Mt Field National Park, which now forms part of the Tasmanian Wilderness World Heritage Area is one of those ‘must see’ locations on the list of places we wanted to visit before leaving Tasmania, and with more nasty weather predicted, after arriving in New Norfolk on Monday, we quickly unhitched our mini home and headed up the mountain.
More commonly know as the (Tasmanian) Swamp Gum, it is the tallest hardwood tree in the world and also the world’s tallest flowering plant. Only the Californian redwoods reach loftier heights.
I had to take three shots to capture all of the tree and have done my best to stitch the images together. I know it doesn’t look all that great, but I hope it gives you an idea of the enormity of the tree.
This one is approx. 79 metres tall (259 feet) and still growing. The tallest recorded was 98 metres (321.5 feet) and by comparison, the tallest redwood was recorded at 111 metres (364 feet).*
It took us a little more than two hours to enjoy the falls and the Tall Trees walk and when we arrived back at the Information Centre, it was already 2:00 pm.
We enjoyed a toasted sandwich and then made the decision to drive up to Lake Dobson. We’d been speaking to a local who told us the road was open and there was around a foot of snow on the ground. The prospect was exciting.
When we reached Lake Dobson, it was only 2° C (35.6° F) and just as we hopped out of the car, the wind picked up and the rain came down.
It would have been nice to go for a walk, however the rain really was quite the dampener, literally, and all in all, it was so cold we were not able to be outside the car for very long at all.
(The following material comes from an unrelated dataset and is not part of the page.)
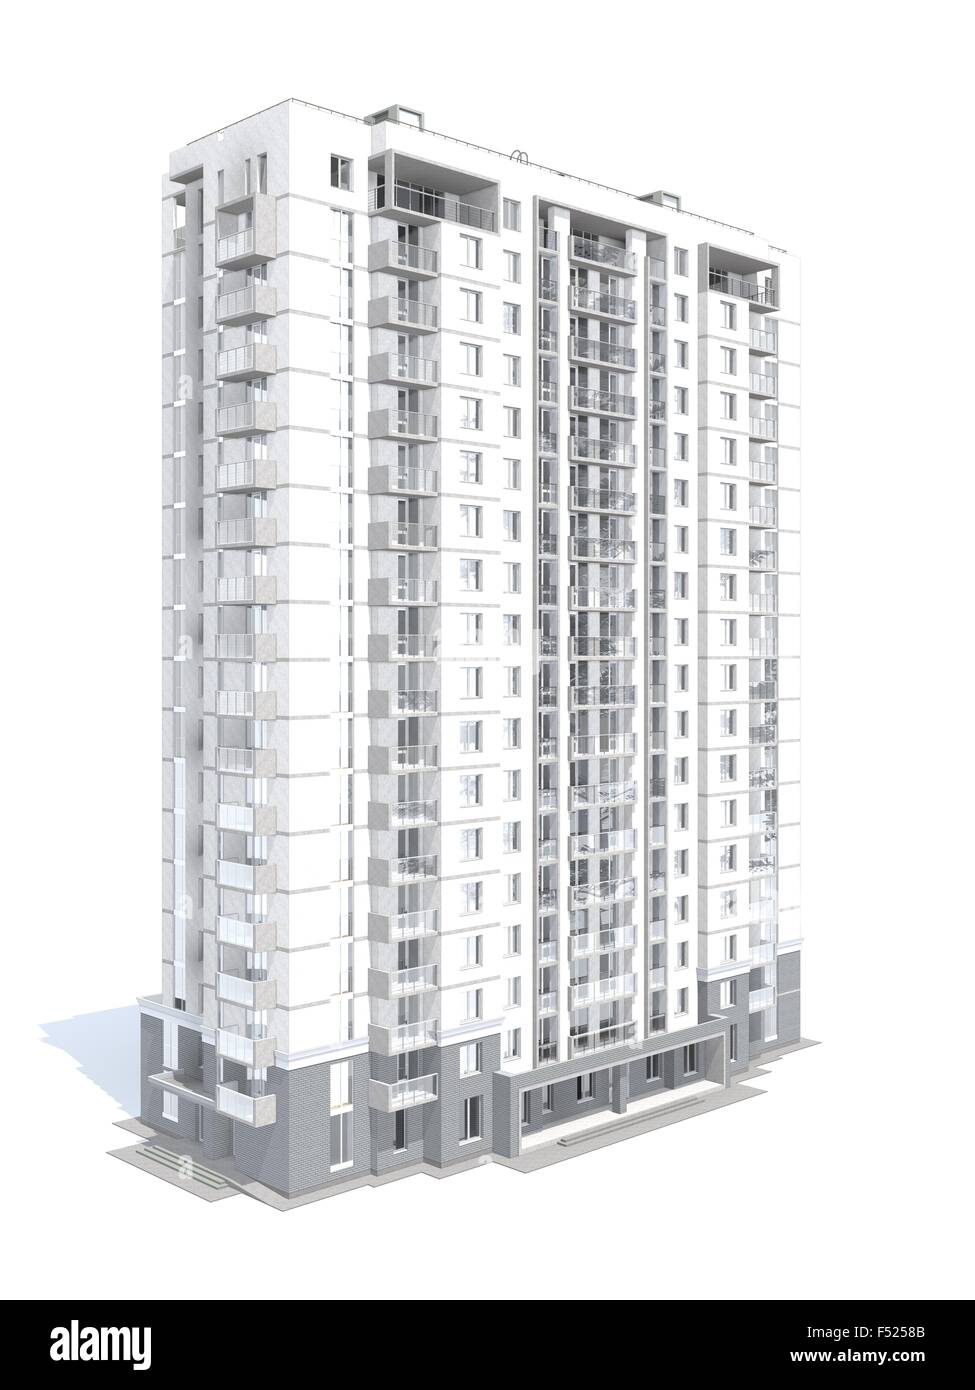 Le rendu 3D de bâtiment moderne de plusieurs étages du bâtiment résidentiel isolated on white Banque D'Images
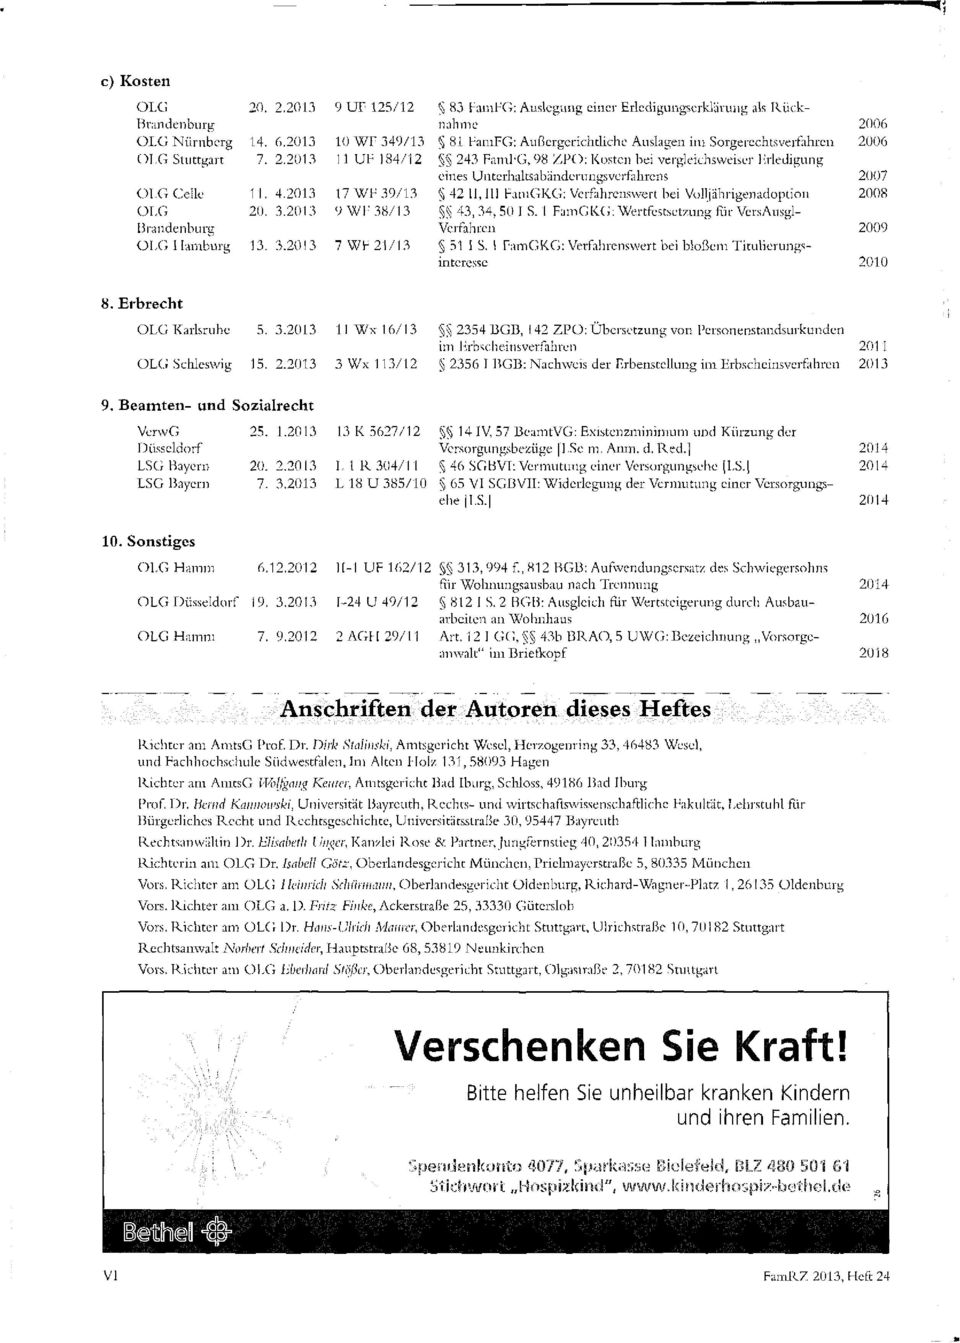 06 OLG Stuttgart 7. 2.2013 11 UF 184/12 243 FamFG, 98 ZPO: Kosten bei vergleichsweiser Erledigung eines Unterhaltsabänderungsverfahrens 2007 OLG Celle 11. 4.

The snow however was not the primary reason for the drive up the mountain. I wanted to see the Fagus, Nothofagus gunnii, a deciduous shrub native to the highlands of Tasmania, where it is the only winter-deciduous plant, and found nowhere else in the world. (You can read more about the Fagus here.)
Thanx to my blogging friend Dayna, I had a desire to see this little plant for myself and the park ranger was kind enough to point out where we might be able to do just that. She warned us though that perhaps it was too late following gale force winds a few days earlier and that perhaps the leaves may have “blown away”.
The Turning of the Fagus is an exciting time in the Tasmanian highlands, and I know we were too late to enjoy that visual spectacular. All I wanted to do was see what this little shrub looked like for myself and I was delighted that it was easy enough to find standing out against the green backdrop of the other trees and shrubs near Lake Fenton (a little more than half way up the mountain to Lake Dobson).
After seeing this little beauty, we headed down the mountain and back to New Norfolk.
By then, it was after 4:30 pm and both of us were feeling tired following our mad dash up the mountain. It may have been a mad dash, but it wasn’t reckless and it wasn’t without reward. Not only did we get to enjoy the falls and the tall trees, we were in the thick of the first snow of 2015 and I got to see the Fagus.
The park certainly didn’t disappoint, I only wish we’d have had more time to enjoy other areas of it.
Personally I’m very glad we went headed straight up to Mt Field National Park on Monday. For the last to nights there has been considerably more snow fall due to another cold front and now the roads are closed.
We are not going to get to Strahan on the west coast and will now be driving up the middle of the island and heading towards Mole Creek and Cradle Mountain.
Mt Field National Park
Footnote: According to signage in the Mt Field National Park.